Datum uitspraak:
Datum publicatie:
Rechtsgebieden:
Zaaknummer:
Soort procedure:
Vindplaatsen:

Inhoudsindicatie:

Weigering vergoeding. De Raad heeft geen aanwijzing aangetroffen voor een door de minister (als bevoegd gezag) jegens appellant gepleegd onrechtmatig handelen, waaraan appellant eventueel een aanspraak op volledige schadevergoeding voor zijn pensioennadeel zou kunnen ontlenen.

Uitspraak



10/4167 AW Q.

Centrale Raad van Beroep

Meervoudige kamer

U I T S P R A A K

op het hoger beroep van:

[Appellant], wonende te [woonplaats], (hierna: appellant),

tegen de uitspraak van de rechtbank Roermond van 7 juli 2010, 09/130 (hierna: aangevallen uitspraak),

in het geding tussen:

appellant

en

de Minister van Binnenlandse Zaken en Koninkrijksrelaties (hierna: minister)

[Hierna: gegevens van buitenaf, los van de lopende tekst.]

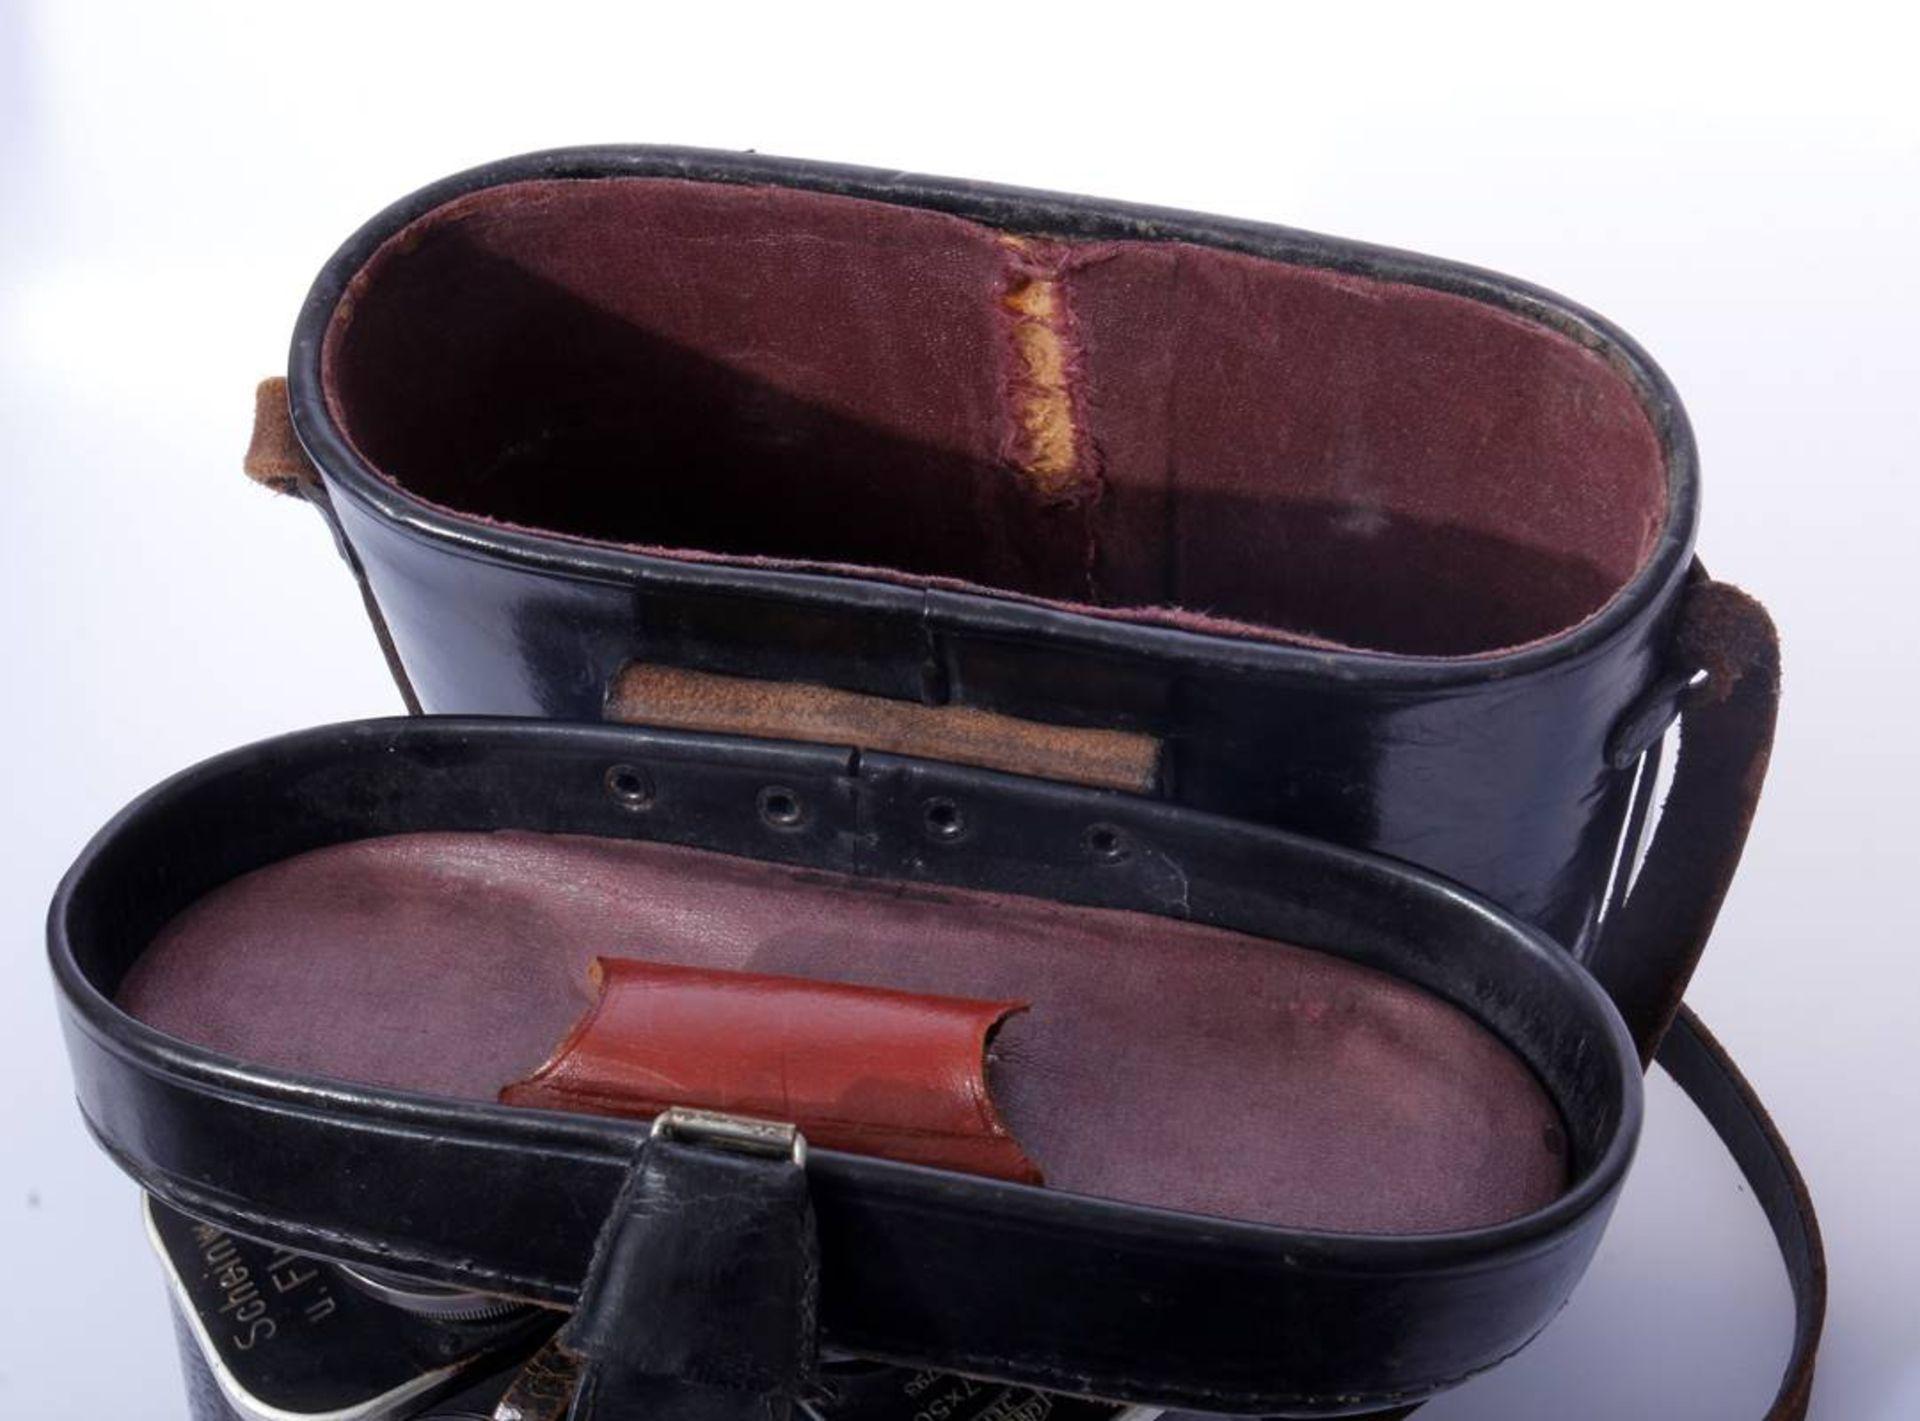 Marinefernglas DE 7 x 50Schwarzes Marinefernglas 7 x 50 DE Karl Zeiss Jena mit Abnahmestempel, - Bild 2 aus 7

Datum uitspraak: 21 juli 2011

I. PROCESVERLOOP

Appellant heeft hoger beroep ingesteld.

De minister heeft een verweerschrift ingediend.

Op verzoek van de Raad heeft de minister nadere stukken ingezonden en een aanvullende toelichting op het verweerschrift gegeven.

Het onderzoek ter zitting heeft plaatsgevonden op 9 juni 2011. Appellant is verschenen, bijgestaan door mr. D.J. Rutgers, advocaat te Amsterdam. De minister heeft zich laten vertegenwoordigen door mr. S. van Heukelom-Verhage, advocaat te ’s-Gravenhage en mr. E.W.J. Gerretsen, werkzaam bij het ministerie van Binnenlandse Zaken en Koninkrijksrelaties.

II. OVERWEGINGEN

1. Voor een uitgebreidere weergave van de in dit geding van belang zijnde feiten en omstandigheden wordt verwezen naar de aangevallen uitspraak. De Raad volstaat met het volgende.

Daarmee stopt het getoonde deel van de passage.